Akbar's Church also known as Church of Akbar is a Roman Catholic Church, built in 1600 by Jesuit Fathers, situated in Agra, India.

== History ==
Mughal Emperor Akbar the Great invited Jesuit priests from Portuguese Goa so that he could learn more about Christianity. So, Father Rodolfe Aquauiua, the Father Anthony Monserrate and the Father Francois Henriques reached Agra on 18 February 1580. Akbar learnt about Christianity and gave land to Jesuit fathers to build a church in Agra. This was the first Roman Catholic Church in the Mughal Empire. After Akbar it was his son Jahangir who donated for further expansion of the Church. Khwaja Martins and Mirza Sikandar Junior too contributed for the expansion. The church was demolished by Emperor Shah Jahan in 1635, after he captured Jesuit Priests crossing religious limits of Islam and agreed to release them only if they demolish the Church. The Church was rebuilt in 1636 by the permission of Mughal Emperor Shah Jahan after the pardon of Jesuits.

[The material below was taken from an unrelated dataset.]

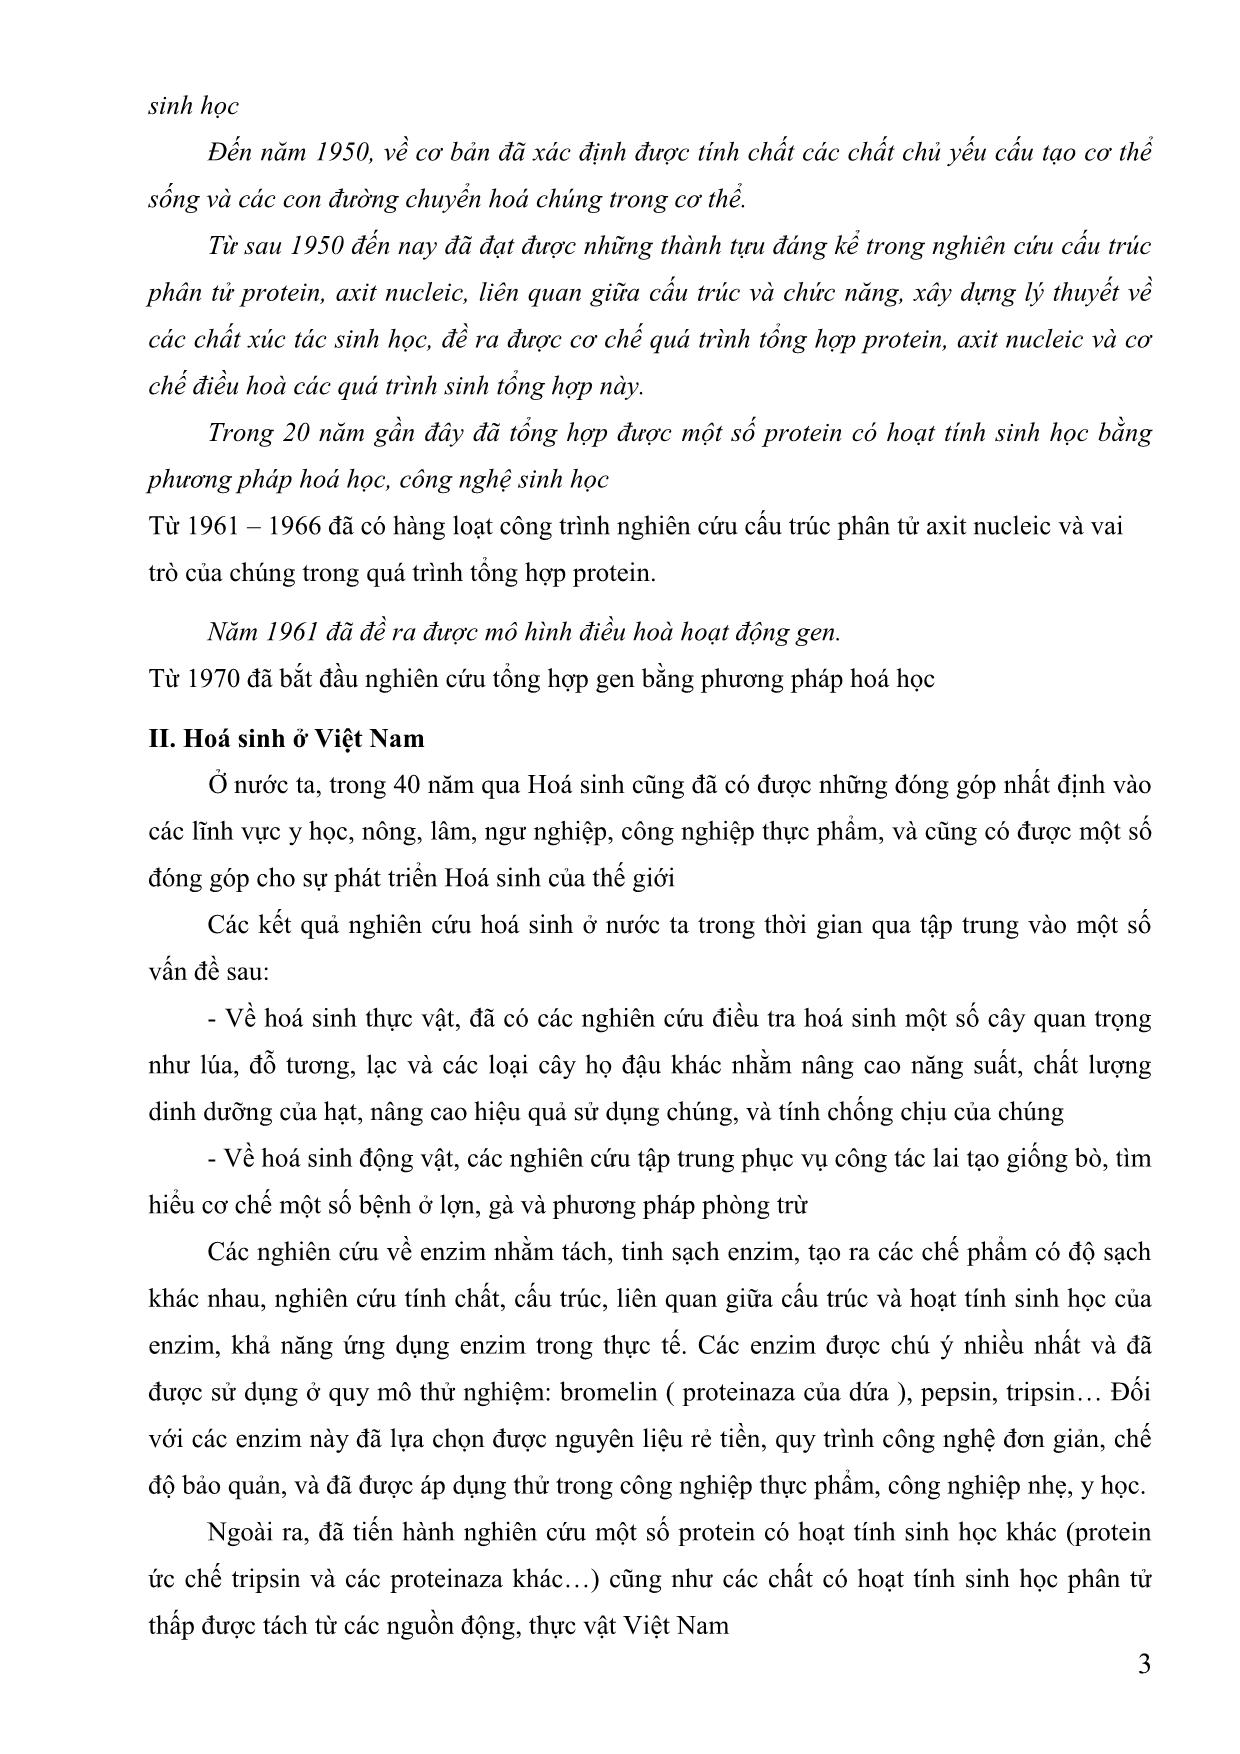 Giáo trình Hóa sinh (Phần 1) trang 3

First Holy Mass was celebrated in the Church on 8 September 1636. In 1761, in the aftermath of the Third Battle of Panipat the church was looted by Afghan Invaders under Ahmed Shah Abdali.

In 1769, the church was rebuilt by Father Wendel S.J. with the help of Walter Reinhardt, Commander of Agra Fort. Bishop Antonino Pezzoni, O.F.M. Cap. extended the church westward with the contribution from Jean Baptiste Filose in 1835.

== Historic events ==
- In 1610, three Royal Princes, nephews of Emperor Jahangir, Tahmuras (Don Felipe), Baisanghar (Don Carlos) and Hoshang (Don Henrique), having been catechized by Fr. Corsi, S.J., were baptized by Fr. Jerome Xavier S.J. in this Church.
- Begum Johana Sumroo, the Begum of Sardhana was baptized in this Church.
- Akbar's Church was the Cathedral of Agra until 1848.
- In 1842, Religious of Jesus and Mary from France were welcomed by Bishop Borghi in the same Church.
- In 1843, Bishop Borghi consecrated Msgr. Carli Bishop of Almira.
- In 1846, Servant of God Bishop Anastasius Hartmann was consecrated Vicar Apostolic of Patna.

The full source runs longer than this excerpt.